Romans 6:3-11 (NASB) Or do you not know that all of us who have been baptized into Christ Jesus have been baptized into His death? Therefore we have been buried with Him through baptism into death, so that as Christ was raised from the dead through the glory of the Father, so we too might walk in newness of life. For if we have become united with Him in the likeness of His death, certainly we shall also be in the likeness of His resurrection, knowing this, that our old self was crucified with Him, in order that our body of sin might be done away with, so that we would no longer be slaves to sin; for he who has died is freed from sin.

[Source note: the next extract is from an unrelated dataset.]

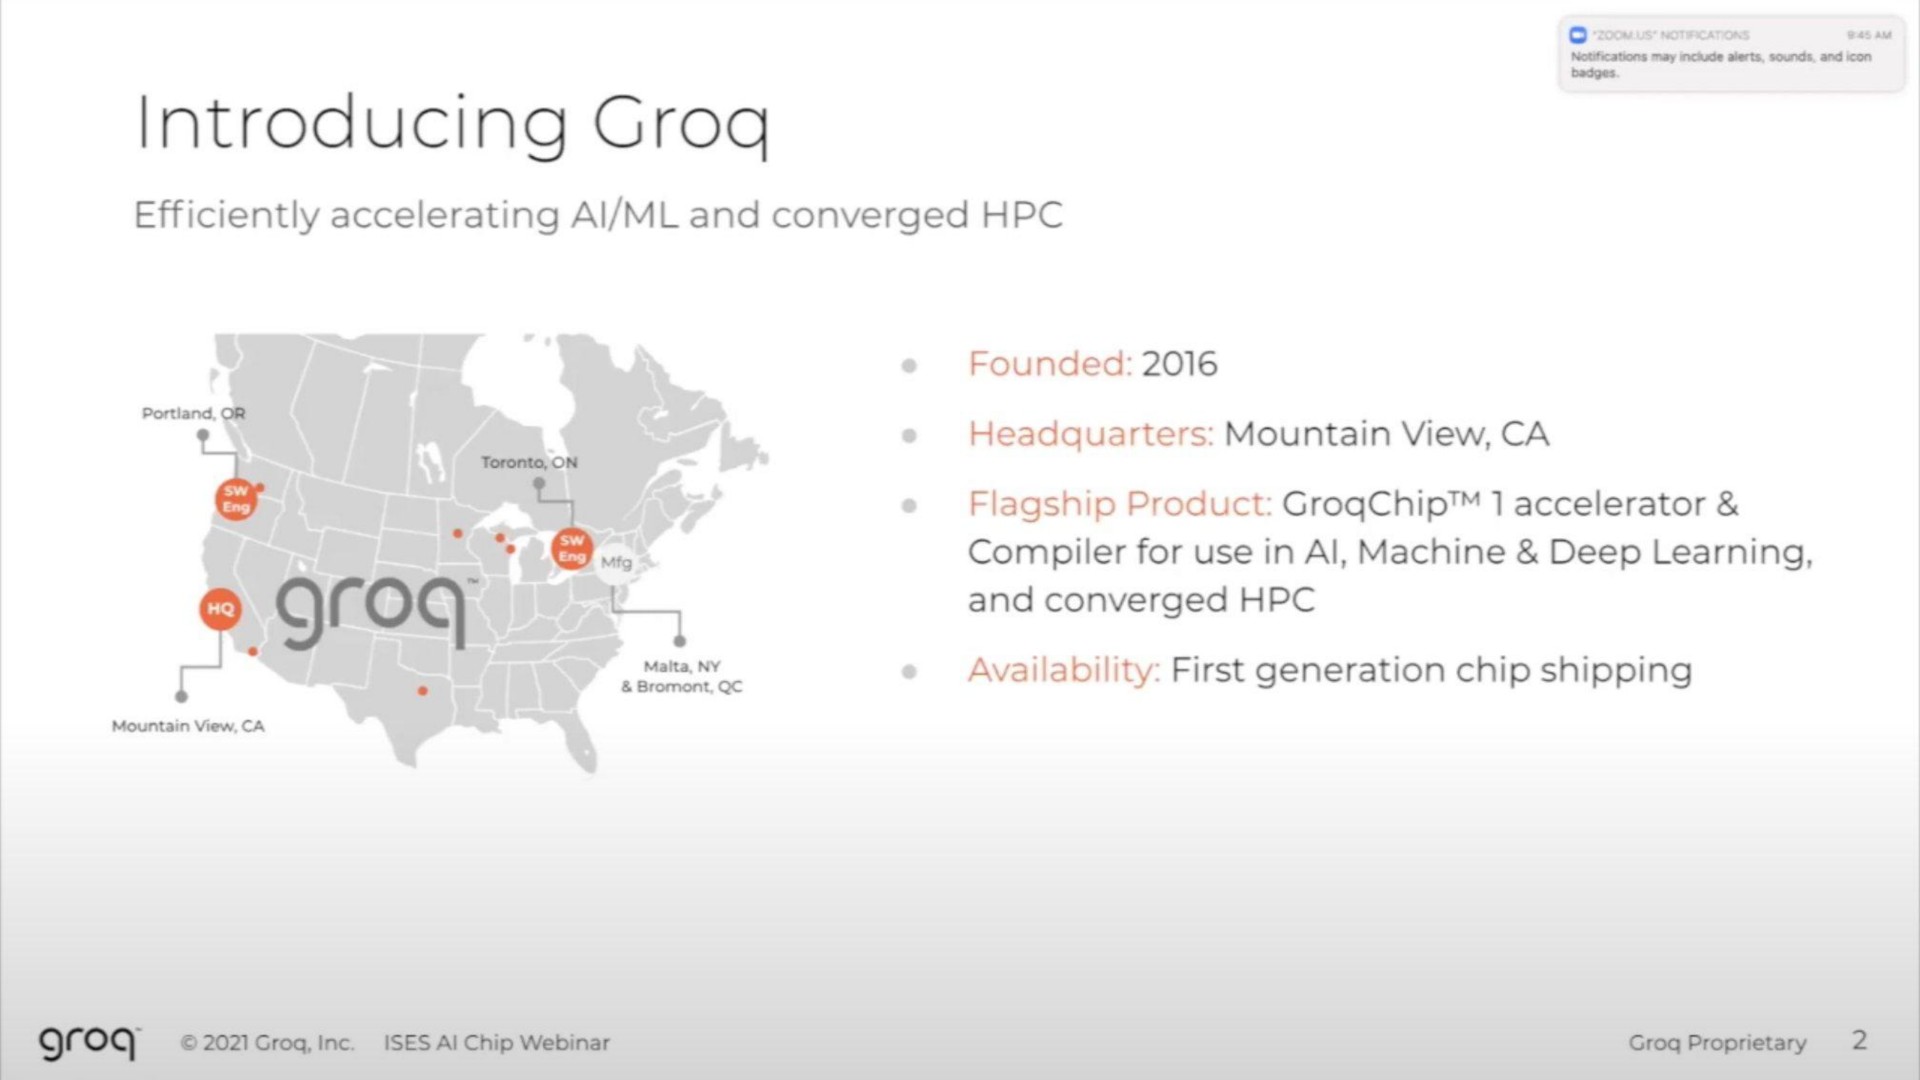 introducing grog efficiently accelerating and converged founded headquarters mountain view flagship product accelerator compiler for use in machine deep learning and converged availability first generation chip shipping | Groq

Now if we have died with Christ, we believe that we shall also live with Him, knowing that Christ, having been raised from the dead, is never to die again; death no longer is master over Him. For the death that He died, He died to sin once for all; but the life that He lives, He lives to God. Even so consider yourselves to be dead to sin, but alive to God in Christ Jesus.

This inclusion in Christ is strictly by the action of God, and not of man.

1 Corinthians 1:30 (NASB) But by His doing you are in Christ Jesus, who became to us wisdom from God, and righteousness and sanctification, and redemption, so that, just as it is written, “Let him who boasts, boast in the Lord.”

  • This is relevant to me. So to be in Christ means that Messiah is abiding in you? Also it might mean that you are made righteous? I now know that you get to be in Christ( in other words you are born again/saved/child of God/made righteous?) by calling[1 cor.1:2], by election[Eph.1:4&1 Cor.1:30], by faith[eph.1:13-14], by obedience[1 john.2:3-6]. It's good news to know that you get to be in Christ when you are called, elected, believe in your heart and obey.
    – alvoutila
    Sep 21, 2014 at 20:48
  • @laovultai Indeed, it is good news to all.
    – Andrew
    Oct 5, 2014 at 5:40

It's just an alternative way to express that you have accepted Christ as Savior. It generally is used communally --"together in Christ" -- representing the way Christian belief unifies us.